Shares sag to 50% of dotcom peak
"At the close of another jittery day for share dealers and investors, the FTSE had lost 122.9 points - or 3.4% of its value - to close at 3,480.8. During the day the blue-chip index reached 3,460.3, less than half its value since the peak of 6,950 reached at the peak of the dotcom market excess in December 1999.
Only one share in the list of 100 leading UK companies - Rentokil Initial - (Wonderfully appropriate!!) ended up on the day, with some shell-shocked dealers predicting that the market may lose up to a further 500 points before reaching a floor.
The hawkish tone of the report by the UN weapons inspector, Hans Blix, intensified fears of an imminent military campaign against Baghdad and exerted renewed pressure on both shares and the ailing US dollar. "
Demands for Herr Blix to be called before the Stock Exchange Disciplinary Committee have echoed around the globe.
"How can hard trading greedy bastards like us make a dishonest living when you have pricks like him scaring the bejesus out of the punters", exclaimed Sir Jeremiah Legge-Orpington, chairman of Shylock, Faust and Graught. "If the World economy goes pork belly up it will be this man's fault.

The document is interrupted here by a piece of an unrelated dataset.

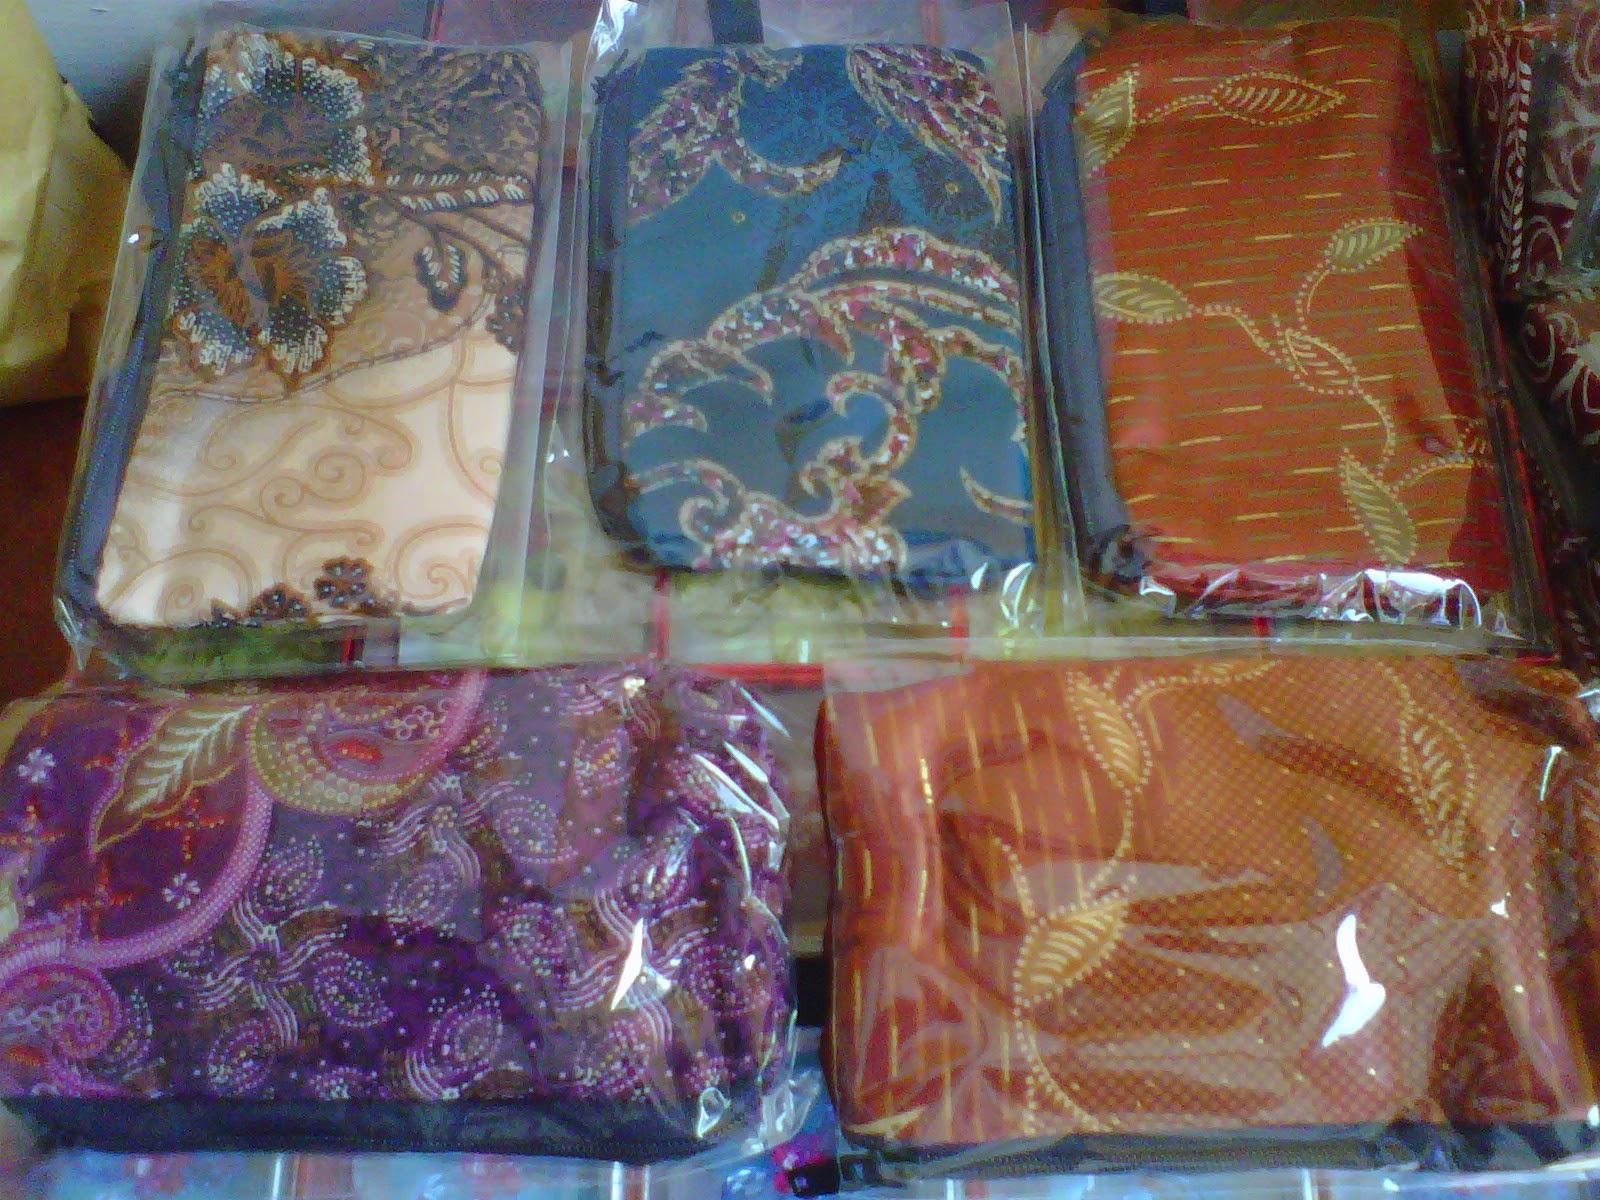 souvenir dompet,souvenir dompet murah,souvenir dompet batik,souvenir dompet hp.

He has no right sticking his nose into other people's businesses."
"I personally informed him before he started this fishing expedition that our company had never supplied Iraq with materials that could be used for weapons of mass destruction. Well, certainly not since last Wednesday. That should have been an end to it! If it's good enough for those young kiddies who audit our company to take our word for everything, it should be good enough for him. Bloody Swedes, they should be out reviving their flagging international tennis profile, not making life impossible for us chaps."
"This man is the greatest threat to the World economy since the South Sea Bubble debacle. That Saddam fellow isn't as bad as Blix is attempting to make him out. He spends up big, pays on the knocker and always sends us a Christmas card."